# Project Background

Data is based on Cookie Cats, mobile puzzle game developed by Ractile Entertainments. In this game, the player is expected to connect tiles of the same color to clear the board and win the level. It also features singing cats. As players progress through the levels of the game, they will **occasionally encounter gates that force them to wait a non-trivial amount of time or make an in-app purchase to progress**. In addition to in-app purchases, these gates serve the important purpose of giving players an enforced break from playing the game, hopefully resulting in improved enjoyment of the game.  

## Problem formulism

**Where should the gates be placed?** Initially the first gate was placed at level 30. In this project, **we are going to analyze an AB-test where we moved the first gate in Cookie Cates from level 30 to level 40. In particular, we want to measure the impact on player retention based on these gates.**

# Basic Imports 

In [90]:
import pandas as pd
import numpy as np
from scipy import stats

## Read the data

In [57]:
df = pd.read_csv("./cookie_cats.csv")

In [81]:
df.head()

Unnamed: 0,userid,version,sum_gamerounds,retention_1,retention_7
0,116,gate_30,3,False,False
1,337,gate_30,38,True,False
2,377,gate_40,165,True,False
3,483,gate_40,1,False,False
4,488,gate_40,179,True,True


In [78]:
gate_30 = df[df['version'] == 'gate_30']
gate_40 = df[df['version'] == 'gate_40']

In [82]:
gate_30['retention_1'] = gate_30['retention_1'].apply(lambda x: 1 if x == True else 0)
gate_30['retention_7'] = gate_30['retention_7'].apply(lambda x: 1 if x == True else 0)

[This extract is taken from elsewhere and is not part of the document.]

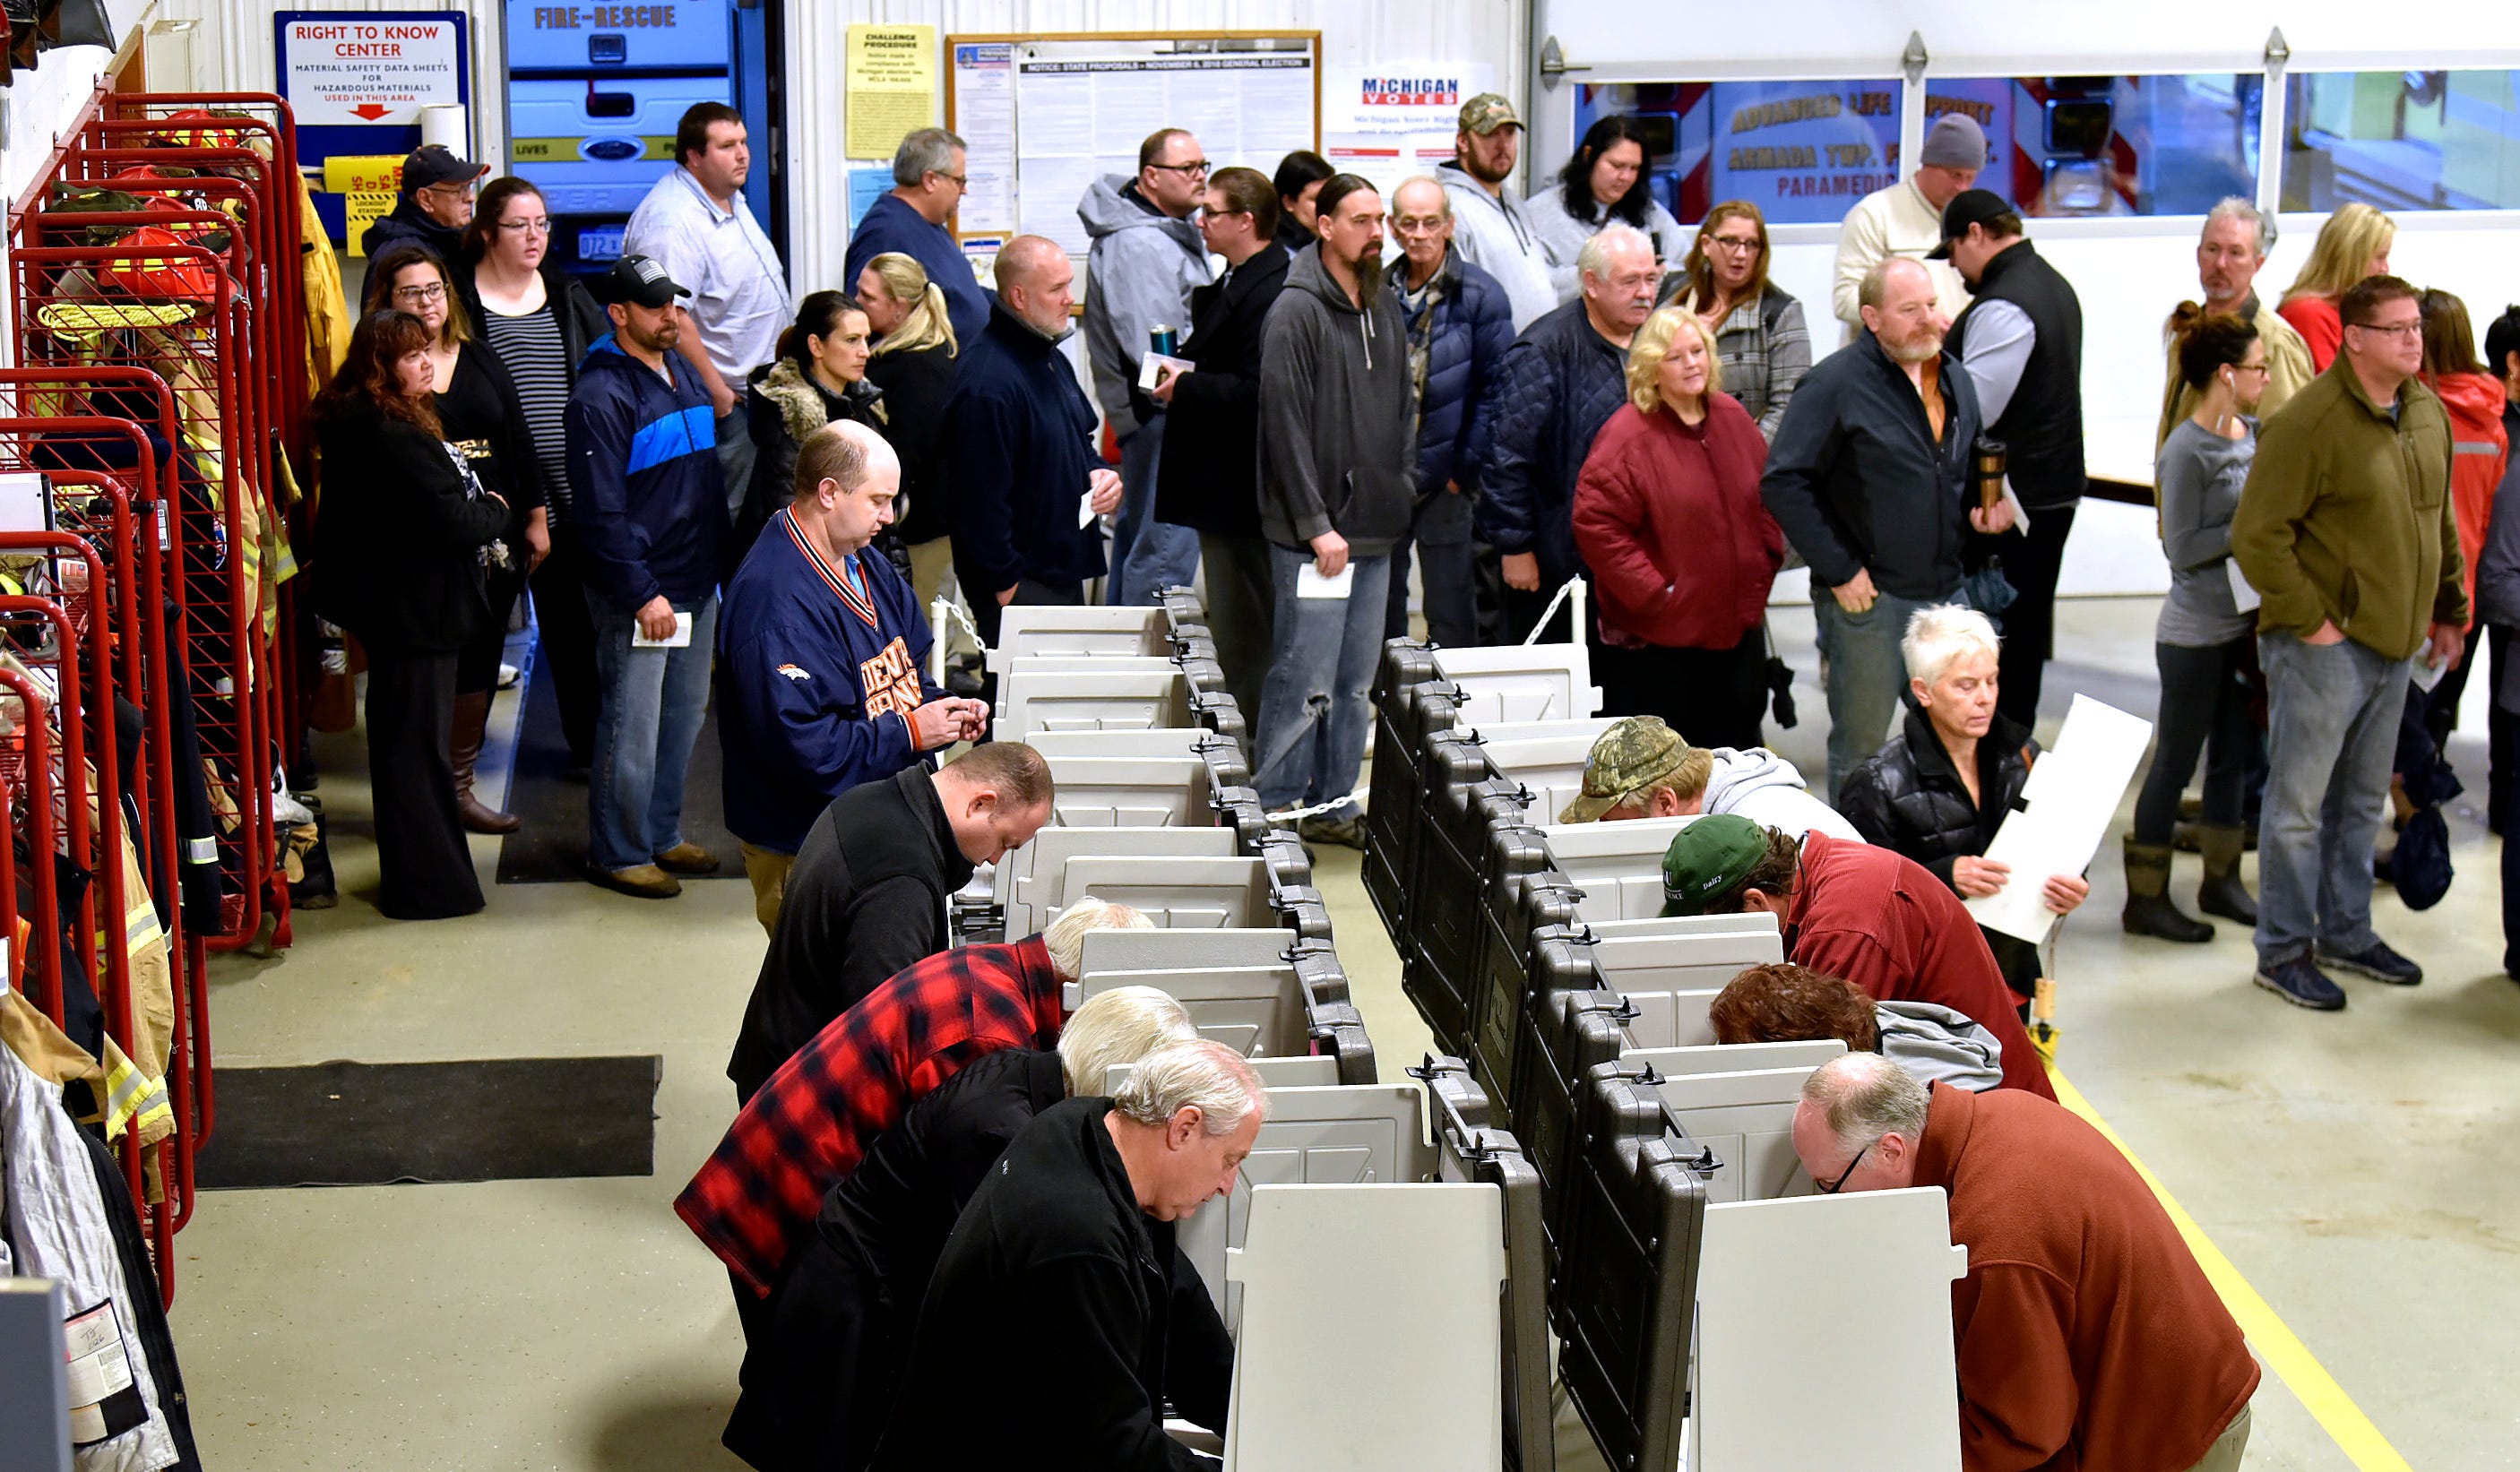 Voter lines serpentine at Precinct One inside the fire bay at the Armada Twp. Fire Department, Tuesday morning, Nov. 6, 2018. Armada Township voters are considering an increase to a Fire Protection Millage, which would provide additional funding for new fire trucks and firefighting equipment.
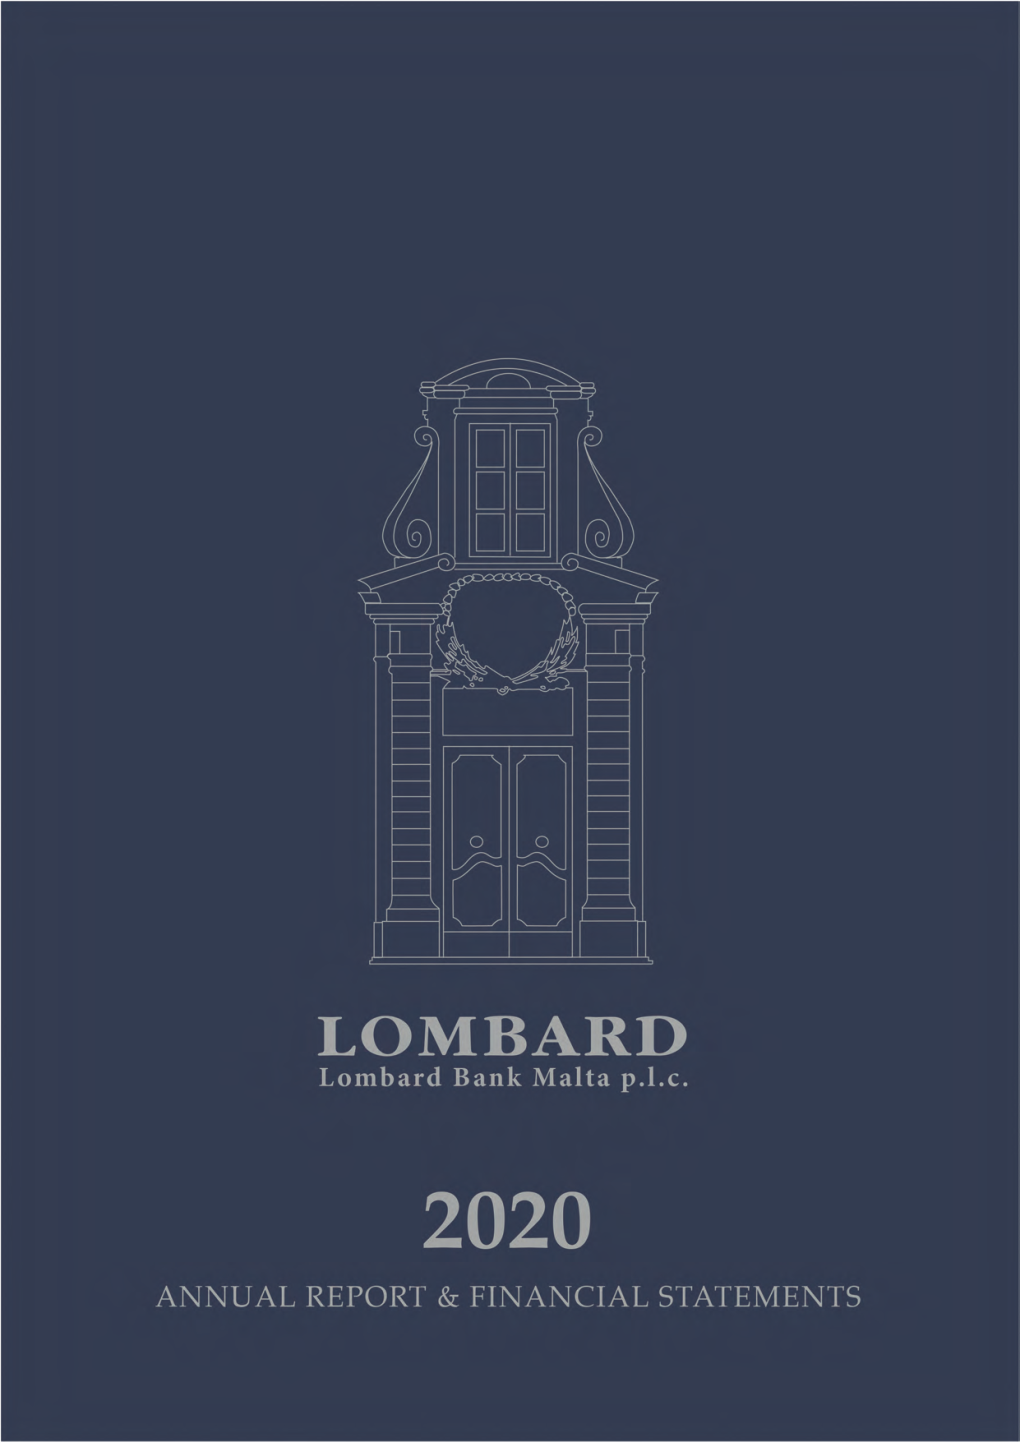 2020 Annual Report & Financial Statements

A value is trying to be set on a copy of a slice from a DataFrame.
Try using .loc[row_indexer,col_indexer] = value instead

See the caveats in the documentation: https://pandas.pydata.org/pandas-docs/stable/user_guide/indexing.html#returning-a-view-versus-a-copy
  """Entry point for launching an IPython kernel.
A value is trying to be set on a copy of a slice from a DataFrame.
Try using .loc[row_indexer,col_indexer] = value instead

See the caveats in the documentation: https://pandas.pydata.org/pandas-docs/stable/user_guide/indexing.html#returning-a-view-versus-a-copy
  


In [92]:
gate_40['retention_1'] = gate_40['retention_1'].apply(lambda x: 1 if x == True else 0)
gate_40['retention_7'] = gate_40['retention_7'].apply(lambda x: 1 if x == True else 0)

A value is trying to be set on a copy of a slice from a DataFrame.
Try using .loc[row_indexer,col_indexer] = value instead

See the caveats in the documentation: https://pandas.pydata.org/pandas-docs/stable/user_guide/indexing.html#returning-a-view-versus-a-copy
  """Entry point for launching an IPython kernel.
A value is trying to be set on a copy of a slice from a DataFrame.
Try using .loc[row_indexer,col_indexer] = value instead

See the caveats in the documentation: https://pandas.pydata.org/pandas-docs/stable/user_guide/indexing.html#returning-a-view-versus-a-copy
  


## Comparison between the two gates at 1 day retention period

In [93]:
a = gate_30['retention_1']
b = gate_40['retention_1']

In [95]:
print("Gate 30, one day retention = ", np.round(a.mean(),4))
print("Gate 40, one day retention = ", np.round(b.mean(),4))

Gate 30, one day retention =  0.4482
Gate 40, one day retention =  0.4423


**Interpretation**: One day retention at gate 30 for players is 44.82%, while for gate 40 is slightly lower at 44.2%. Significance testing based on t-test shows p values greater than alpha = 0.05. Therefore, we conclude that the difference between gates at level 30 and 40 are not statistically significant and hence the results are inconclusive. 

In [96]:
# Using built-in t-test:
t, p = stats.ttest_ind(a, b)
print("t:\t", t, "p:\t", p)

t:	 1.7840979256519656 p:	 0.07441111525563184


## Comparison between the two gates at 7 days retention period

In [98]:
a7 = gate_30['retention_7']
b7 = gate_40['retention_7']

In [102]:
print("Gate 30, seven days retention = ", np.round(a7.mean(),4))
print("Gate 40, seven days retention = ", np.round(b7.mean(),4))

Gate 30, seven days retention =  0.1902
Gate 40, seven days retention =  0.182


In [103]:
# Using built-in t-test:
t, p = stats.ttest_ind(a7, b7)
print("t:\t", t, "p:\t", p)

t:	 3.1644994996802778 p:	 0.0015540151201088365


**Interpretation**: Difference for gates at level 30 & 40 are statistically significant at 7 days retention period. 

**Take-away:** It would be better to place gates at level 30 as it renders users with higher one day as well seven days retention. Results become statistically significant at 7 days retention data.